Conversion therapy for transgender adults linked to poor mental health outcomes

Embargoed until: Publicly released:
Transgender adults who have at some point in their life been exposed to conversion therapy, are at higher odds of suffering severe psychological distress and attempting suicide, according to US research. Gender identity conversion therapy is designed to change the gender a person identifies as back to their sex assigned at birth. The study of more than 27,000 transgender people found that of those who had spoken to a professional about their gender identity, around 20 per cent had been exposed to gender identity conversion therapy and these people were at higher risk of having experienced psychological distress in the last month. For transgender adults who recalled gender identity conversion efforts before age 10 years, exposure was significantly associated with an increase in the lifetime odds of suicide attempts.

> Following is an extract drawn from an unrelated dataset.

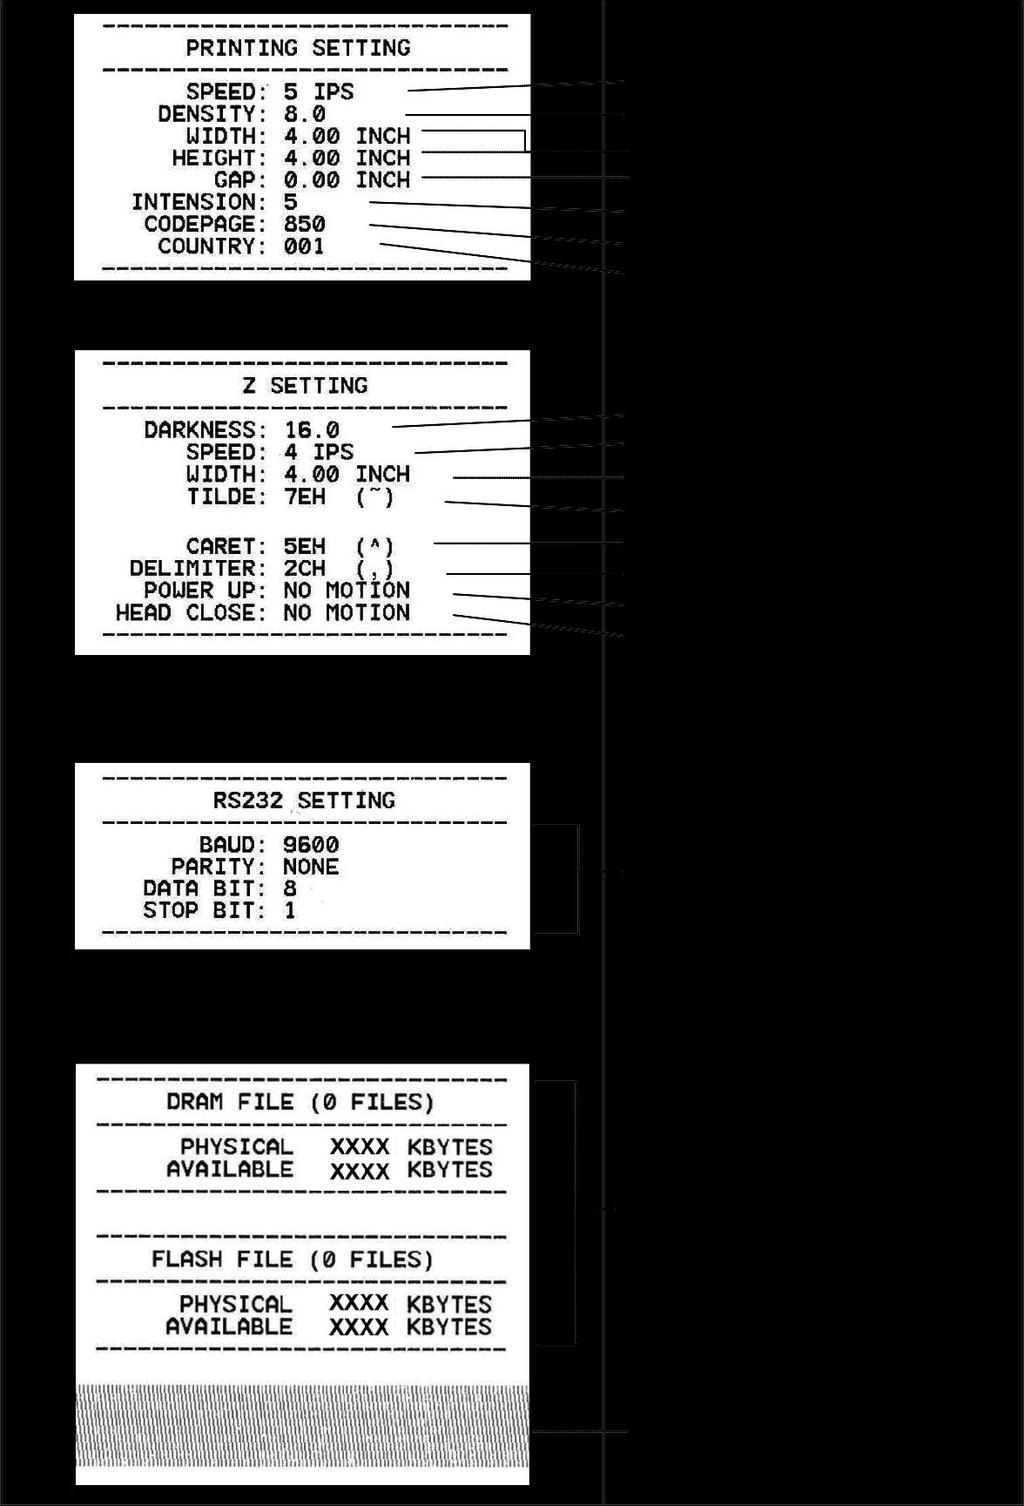 Print speed (inch/sec) Print darkness Label size (inch) Gap distance (inch) Gap/black mark sensor intension Code page Country code ZPL setting information Print darkness Print speed (inch/sec) Label

Journal/conference: JAMA Psychiatry

DOI: 10.1001/jamapsychiatry.2019.2285

Organisation/s: Massachusetts General Hospital, USA

Funder: This work was supported by grant U30CS22742 from the Health Resources and Services Administration Bureau of Primary Health Care (Dr Keuroghlian), partly supported by a grant from the National Institutes of Health under award number UG3AI133669 (Dr Reisner), and an American Academy of Child and Adolescent Psychiatry Pilot Research Award for General Psychiatry Residents (Dr Turban).

Media Release

From: JAMA

Gender Identity Conversion Efforts Associated With Adverse Mental Health Outcomes

JAMA Psychiatry
Original Investigation

Bottom Line: Gender identity conversion efforts to try to change a person’s gender identity to match their sex assigned at birth were associated with increased likelihood of adverse mental health outcomes, including suicide attempts, in this study of nearly 28,000 transgender adults from across the United States. Professional organizations, including the American Psychiatric Association, have called conversion therapy for gender identity unethical and ineffective, and some states have outlawed the practice. This observational study is based on the results of a survey distributed through community outreach to transgender adults in all 50 states, the District of Columbia, some territories and overseas U.S. military bases. Of 27,715 transgender adults who responded, 19,741 (71.3%) reported having spoken to a secular or religious professional about their gender identity and of these 3,869 (19.6%) reported exposure to gender identity conversion efforts. That exposure was associated with severe psychological distress during the previous month and prior suicide attempts during their lifetime compared with transgender adults who reported talking about their gender identity with a professional but weren’t exposed to conversion efforts. Reported exposure to conversion efforts before the age of 10 also was associated with greater lifetime odds of suicide attempts. Limitations of the study include its inability to determine causation; it didn’t capture conversion efforts by others such as family members; and it’s possible that some adults with worse mental health might have sought conversion therapy. The study findings support that gender identity conversion efforts should be avoided in children and adults.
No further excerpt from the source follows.